After the tornado passed, Krishun Moore emerged from her home to the sound of children crying and screaming. She and her mother encouraged the kids to keep screaming until they found the two of them on top of the roof of a damaged apartment. She estimated the kids were about one and four years old. Both of them are OK, she said through Facebook messenger.
Malesha McVay drove parallel to the tornado with her family. She said it got less than a mile from her home before suddenly turning.
“We stopped and we prayed. We followed it and prayed,” she said. “It was a 100% God thing that it turned right before it hit my house.”
She took video of the giant twister, which would turn black as it swept away home after home.
“It would hit a house, and black smoke would swirl up,” she said. “It was very terrifying.”

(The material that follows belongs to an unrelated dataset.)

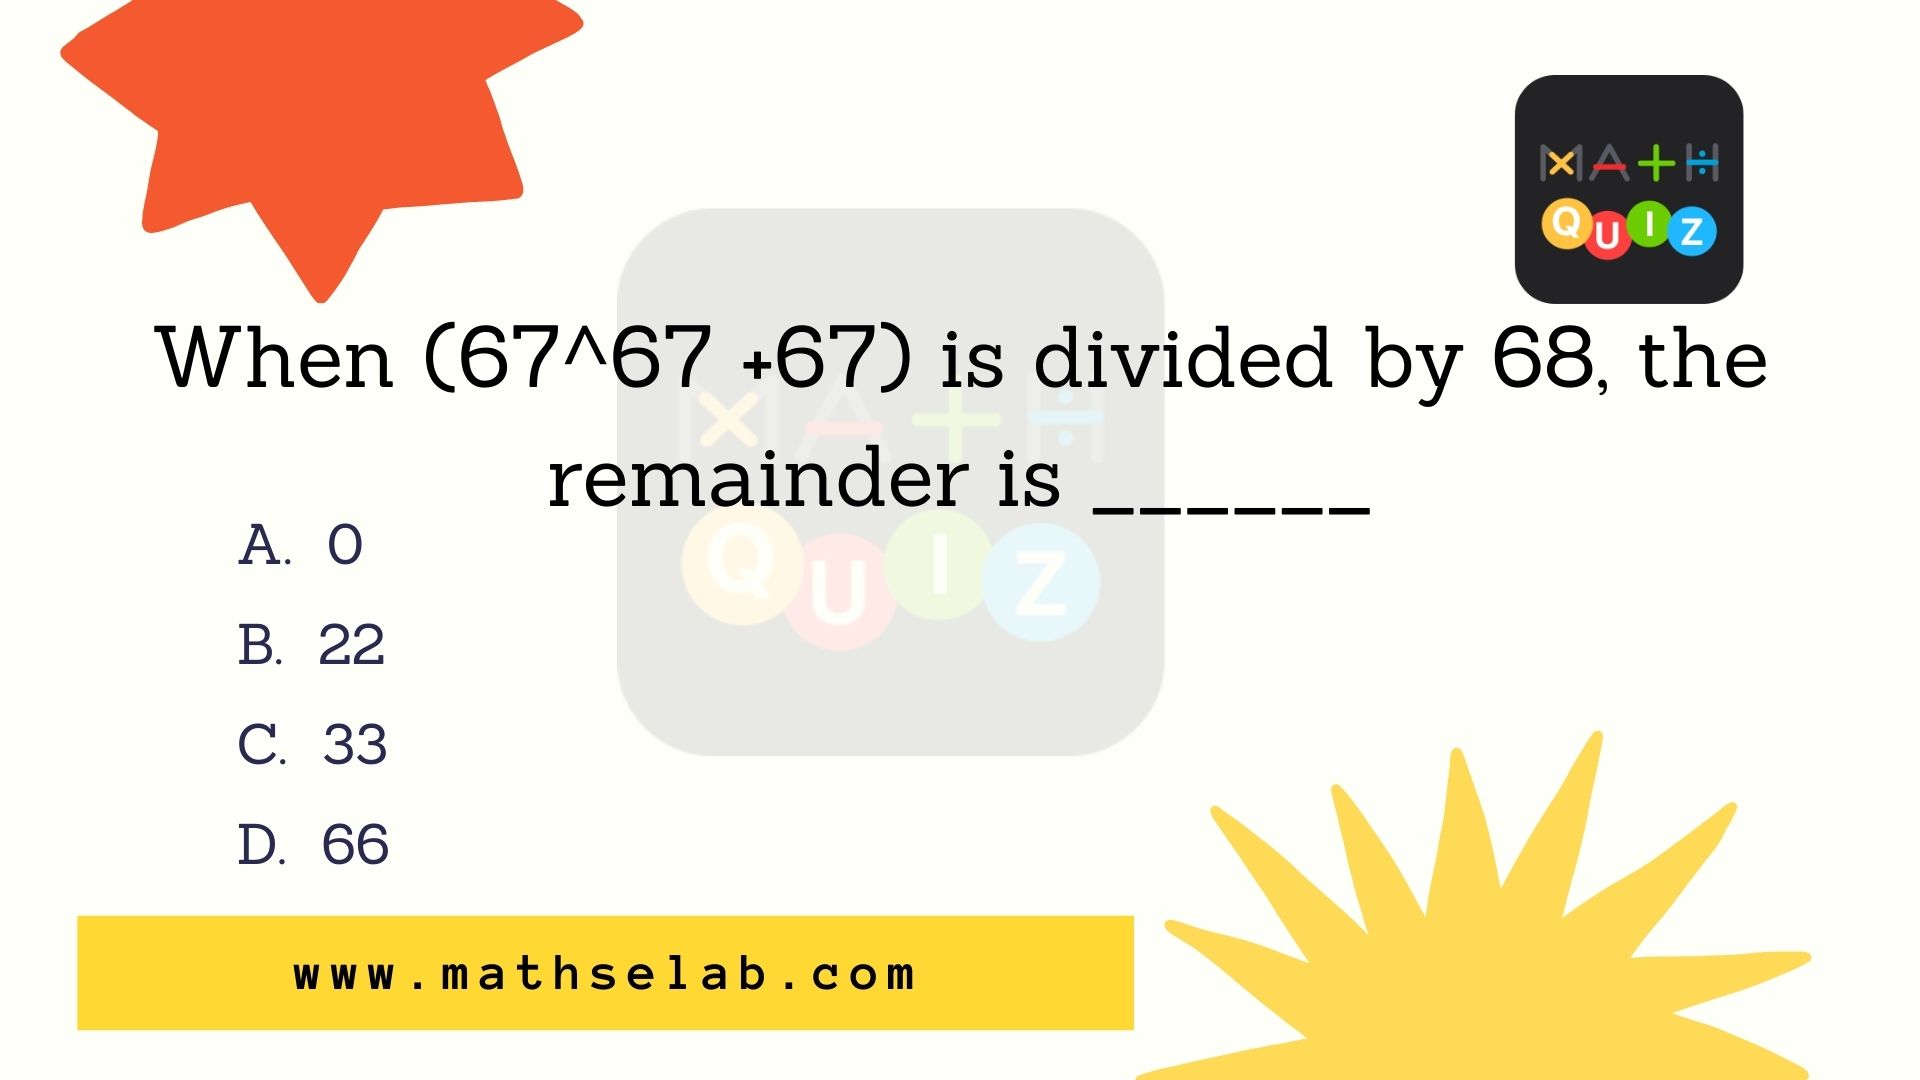 When (67^67 +67) is divided by 68, the remainder is ______ - mathselab.com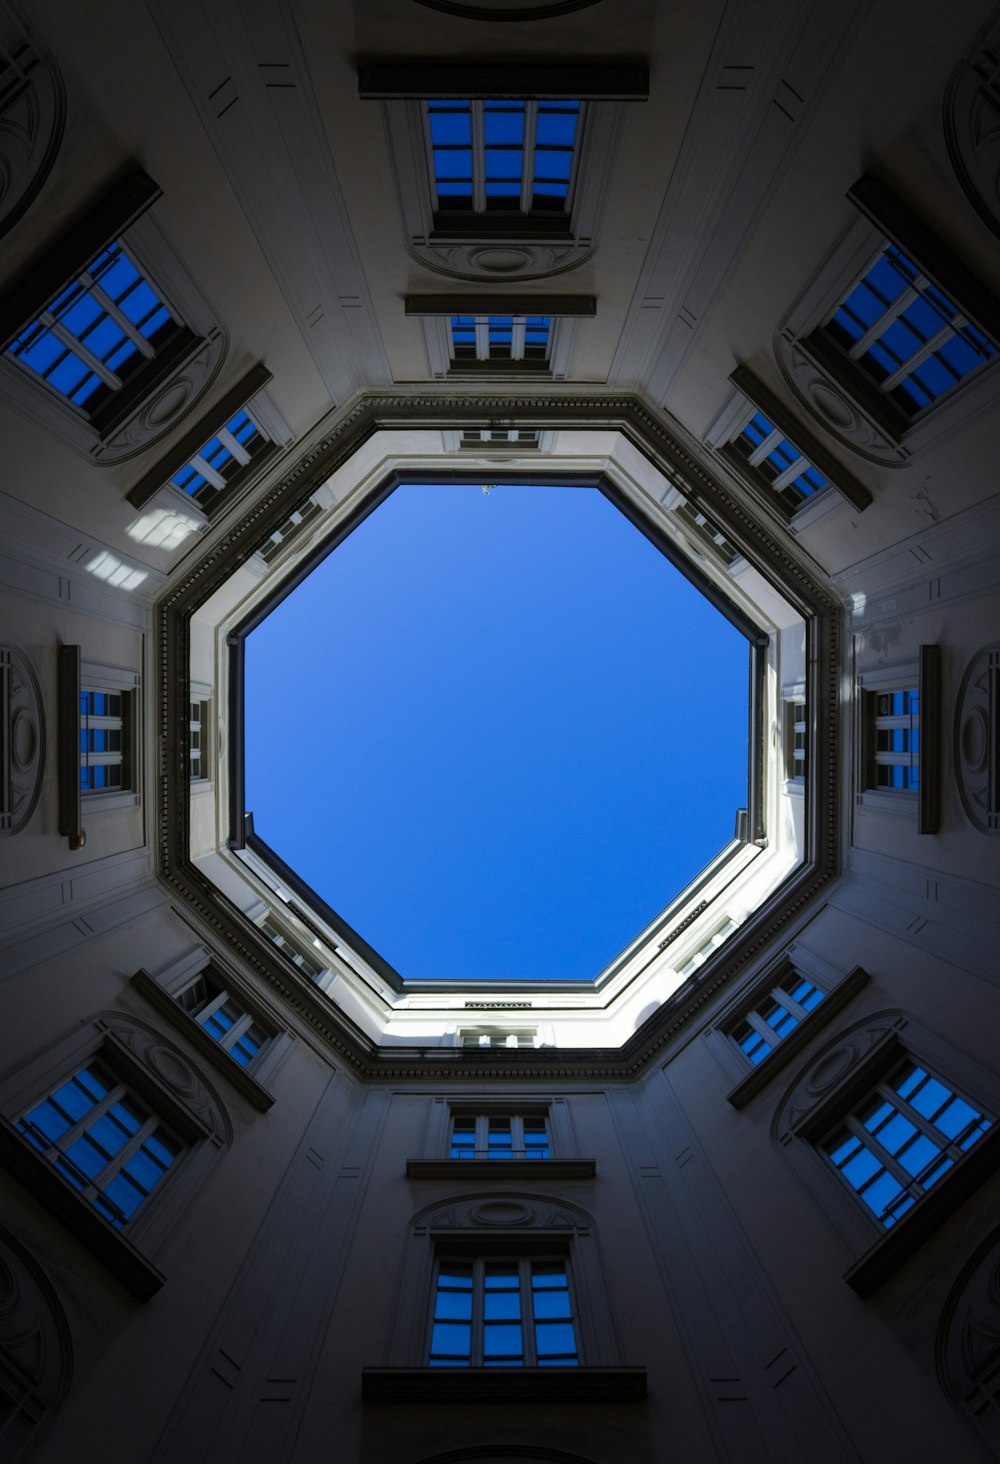 a view looking up at the ceiling of a building

About 40,000 customers were without power in Alabama Thursday night, according to PowerOutage.us, which tracks outages nationwide.
In Georgia, about 86,000 customers were without electricity Thursday night after the storm system carved a path across a tier of counties just south of Atlanta.
The storm hit in Griffin, south of Atlanta, with winds damaging a shopping area, local news outlets reported. A Hobby Lobby store partially lost its roof, and at least one car was flipped in the parking lot of a nearby Walmart.
Damage was also reported west of downtown Atlanta in Douglas County and Cobb County, with Cobb County government posting a damage report showing a crumbled cinder block wall at a warehouse in suburban Austell.
In Kentucky, the National Weather Service in Louisville confirmed that an EF-1 tornado struck Mercer County and said crews were surveying damage in a handful of other counties. There were reports of downed trees, power outages and other scattered damage from storms that moved through the state.
Three factors — a natural La Nina weather cycle, warming of the Gulf of Mexico likely related to climate change and a decades-long shift of tornadoes from the west to east — came together to make Thursday’s tornado outbreak unusual and damaging, said Victor Gensini, a meteorology professor at Northern Illinois University who studies tornado trends.
The La Nina, a cooling of parts of the Pacific that changes weather worldwide, was a factor in making a wavy jet stream that brought a cold front through, Gensini said. But that’s not enough for a tornado outbreak.
What’s needed is moisture. Normally the air in the Southeast is fairly dry this time of year but the dew point was twice what is normal, likely because of unusually warm water in the Gulf of Mexico, which is likely influenced by climate change. That moisture hit the cold front and everything was in place, Gensini said. Add to that the fact that over the last few decades tornadoes have been generally forming more east of the Mississippi River and less in what is considered tornado alley in the Great Plains.